L'annonce du président allemand Joachim Gauck qu'il ne se rendrait pas aux Jeux olympiques d'hiver à Sotchi a été largement interprétée lundi en Russie comme un «boycott», en dépit des précautions diplomatiques prises par Berlin.

M. Gauck a fait savoir dimanche qu'il n'assisterait pas aux JO de Sotchi, du 7 au 23 février 2014, dans le sud de la Russie. Sa porte-parole a précisé qu'il n'y avait pas de volonté d'envoyer un message politique, plusieurs de ses prédécesseurs n'ayant pas assisté par le passé à des JO d'hiver.

Mais des médias russes ont clairement interprété la décision de M. Gauck comme un boycott: «le président de l'Allemagne Gauck annonce qu'il boycotte les Jeux olympiques de Sotchi», a ainsi titré le site de l'édition russe du magazine Forbes.

«Joachim Gauck proteste contre les violations des droits de l'homme en Russie», renchérit le site d'informations sportives Segodnya avec le même titre.

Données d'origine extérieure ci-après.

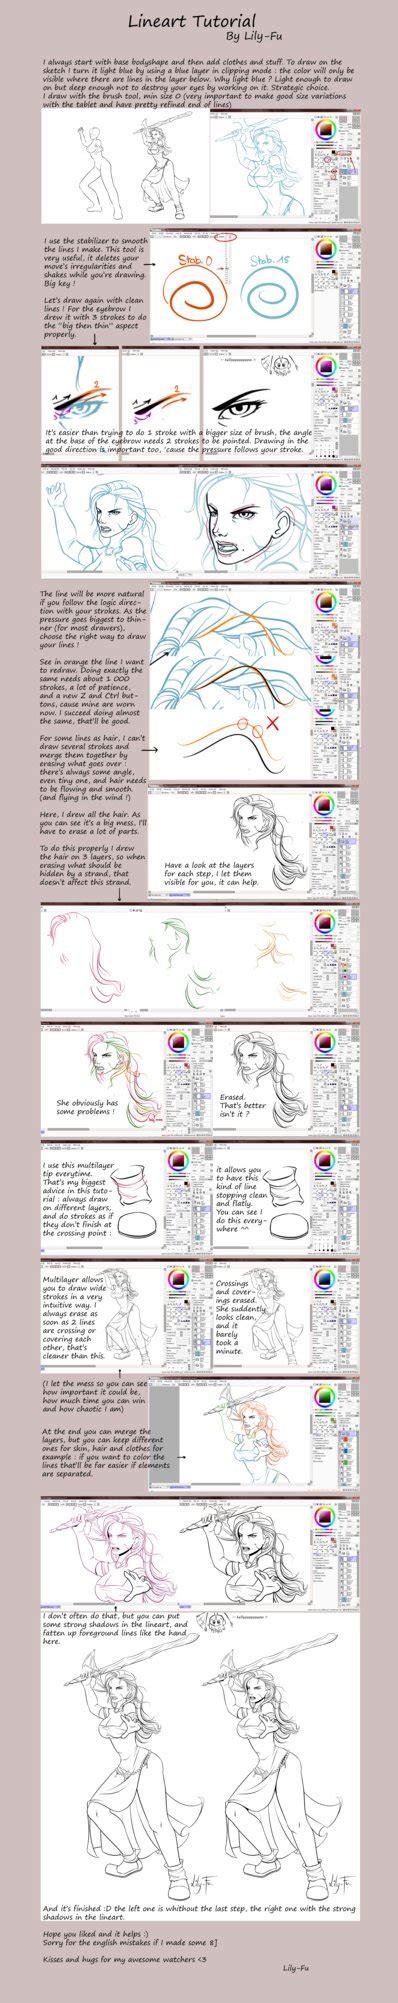 paint tool sai clipping tutorial paint tool sai on drawing tutorials deviantart

Interrogé par l'AFP, l'expert russe Alexeï Makarkine a déclaré que la décision de M. Gauck était considérée en Russie comme «un boycott à la fois par le pouvoir et l'opposition», observant que la présidence allemande avait cherché à adoucir la portée de cette annonce.

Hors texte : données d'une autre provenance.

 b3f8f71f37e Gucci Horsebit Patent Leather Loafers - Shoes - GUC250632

Pour l'opposition russe, «ce sera un soutien moral de la part de l'Allemagne», premier partenaire commercial de la Russie, tandis que les autorités vont considérer cela comme «un geste non amical, provocant», a ajouté M. Markarkine, directeur adjoint du Centre de technologies politiques.

Compte tenu de son passé, le président allemand, dont la fonction est essentiellement honorifique, «ne pouvait pas rester silencieux sur la situation des droits de l'homme en Russie», a déclaré à l'AFP l'analyste du Centre Carnegie Maria Lipman, estimant qu'il était «difficile» de ne pas interpréter sa décision comme un «boycott».

Ancien pasteur et militant des droits de l'homme dans l'ex-Allemagne de l'Est, Joachim Gauck a critiqué à maintes reprise la politique du régime de Vladimir Poutine en Russie, dont les ONG dénoncent les atteintes aux libertés et arrestations d'opposants.

Le député européen et homme politique allemand Daniel Cohn-Bendit a déclaré lundi à la radio française Europe 1 que le président allemand avait «tout à fait raison de boycotter la cérémonie d'ouverture (des JO) qui ne sera qu'une révérence au tout puissant et omniprésent Poutine».

Des appels au boycott des JO des Sotchi ont été lancés en Occident par plusieurs personnalités internationales après la promulgation en juin par le président Poutine d'une loi punissant la «propagande» homosexuelle devant mineurs, un texte vivement critiqué par des défenseurs des droits de l'homme le jugeant discriminatoire.